Wpis z mikrobloga

V max 115-118 km/h i 95Nm - czy tak się da jeździć?

Minęło pół roku i 15 000 km odkąd dokonałem zakupu nowej Fabii (3-ka z samego końca produkcji, tzw. Classic). Przejechałem się raz testowo tym autem. Znajomi ostrzegali mnie, że to auto typowo do jazdy miejskiej i podmiejskiej. Także sprzedawca ostrzegał mnie, że to auto nie jest do znacznych prędkości. Ale myślałem sobie, że nowe auto to te 125 km/h raczej powinien polecieć bez problemów. Ale zacznijmy od początku.

Poprzednie auto jakm jeździłem to VW Golf 1.4 75 KM z 128 Nm z 2003 roku, który w moich rękach był przez 3.5 roku i przez ten czas zrobiłem nim 60 000 km. Jazda prawie 20-letnim autem będąc jego 4-tym właścicielem oznaczała to, że z każdym rokiem wydatki na serwis się powiększały. Mimo sporych nakładów finansowych, nigdy nie czułem się do końca pewien tego auta, wybierając się na trasy powyżej 200-300 km. Jeśli chodzi o prędkość maksymalną, to gdy wychodził z fabryki miał 171 km/h. Gdy go kupiłem i przetestowałem udało mi się osiągnąć 165 km/h, ale ostatnio kolega, któremu odsprzedałem pojechał maksymalnie już tylko 161 km/h. W praktyce jazda na benzynie dłużej niż kilkukilometrowy odcinek przy prędkości powyżej 110 km/h oznaczał, że silnik niebotycznie się męczył. Ale mnie interesuje jazda na LPG, a tu zmęczenie silnika na większym czy już średnim dystansie powodowała jazda powyżej 100-105 km/h (przy 100 km/h obroty silnika na 5. tym biegu mają 3300 co jest równe dokładnie max momentowi obrotowemu).

Pomyślałem sobie, nie no 100 km/h to ja całe życie nie będę jeździć. Kolejnym powodem były wspomniane rosnące koszta serwisu (w ostatnim roku wydałem 10 000 zł, czyli dwukrotność ceny za jaką kupiłem to auto).
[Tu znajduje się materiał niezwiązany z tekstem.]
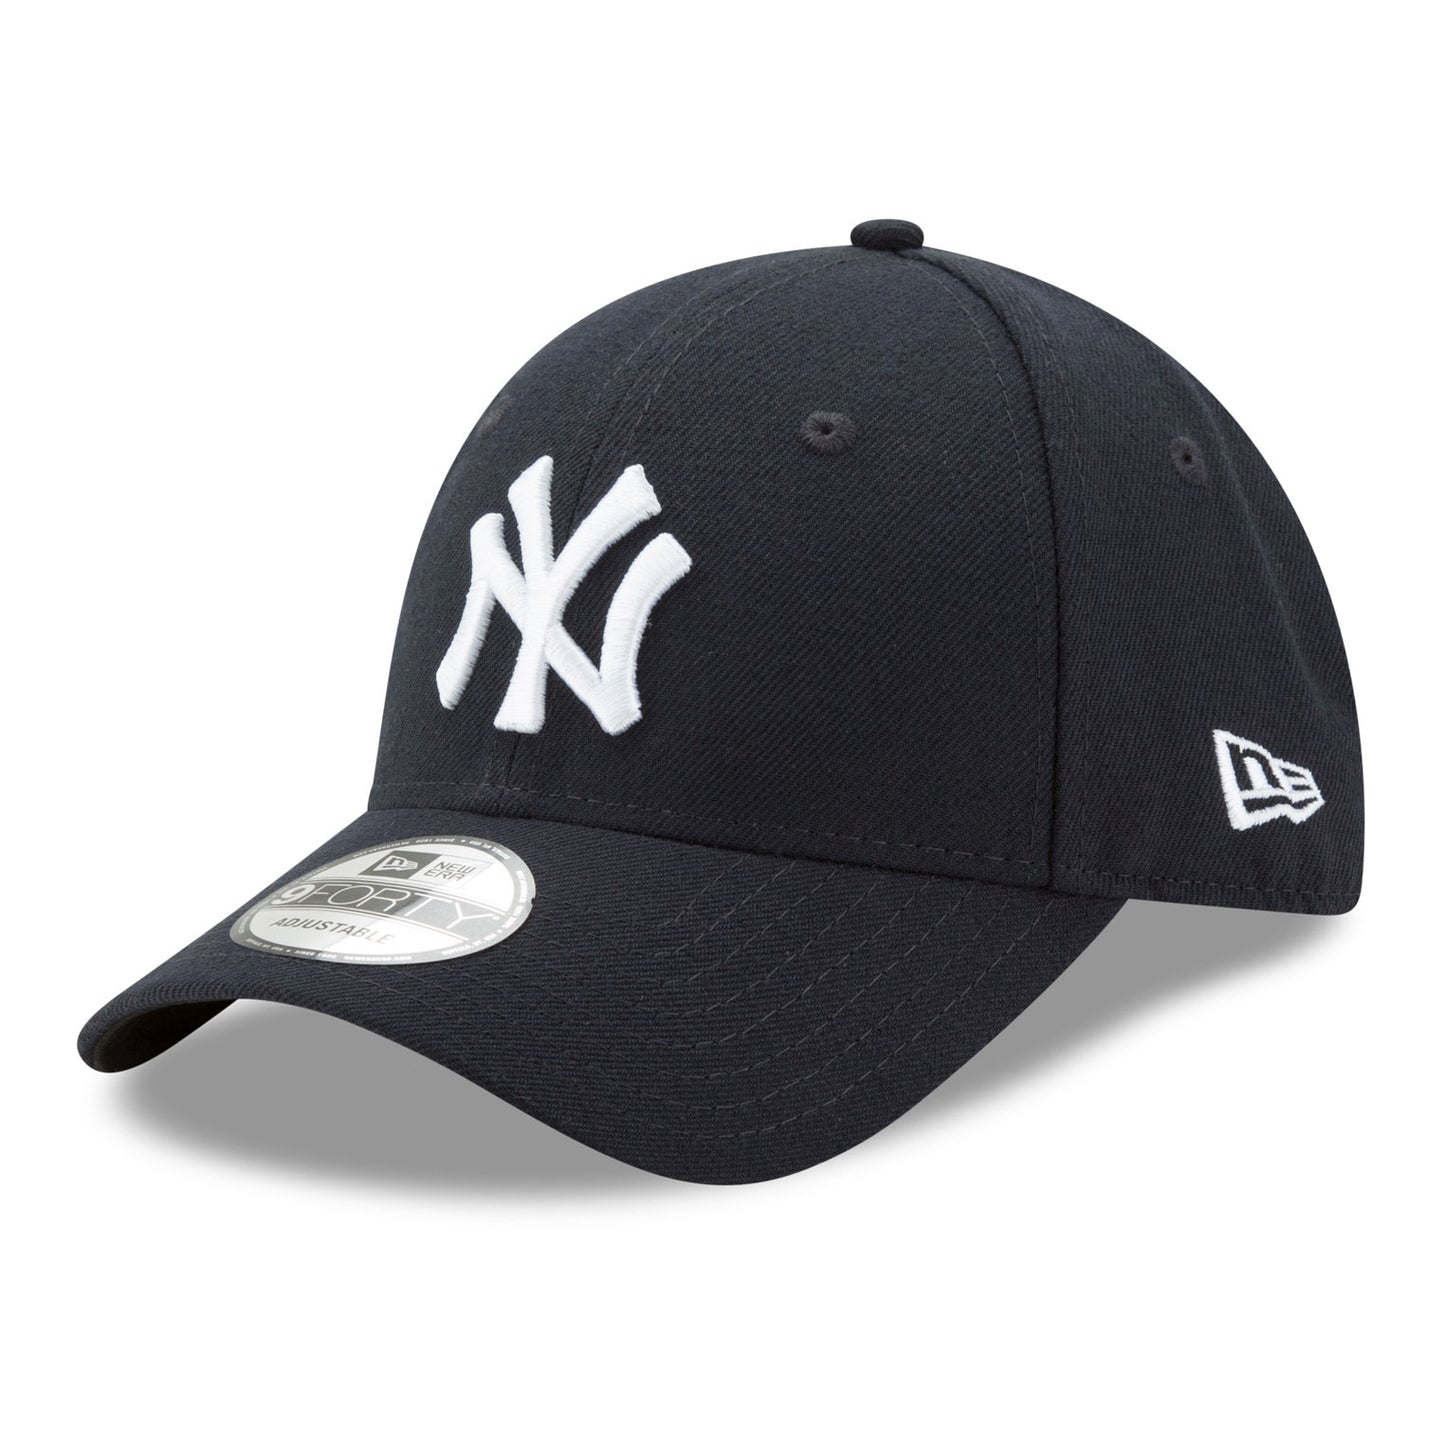 THE LEAGUE New York Yankees 9FORTY New Era Cap

A także chęć robienia dalszych tras bez obaw. Także zmiany budy z hatchbacka na kombi. Także bardziej komfortowa jazda. Także parę nowinek technicznych ułatwiających jazdę (ale też bez przesady, bo nowinki to pierwsze co się najprędzej psuje). Także większe bezpieczeństwo.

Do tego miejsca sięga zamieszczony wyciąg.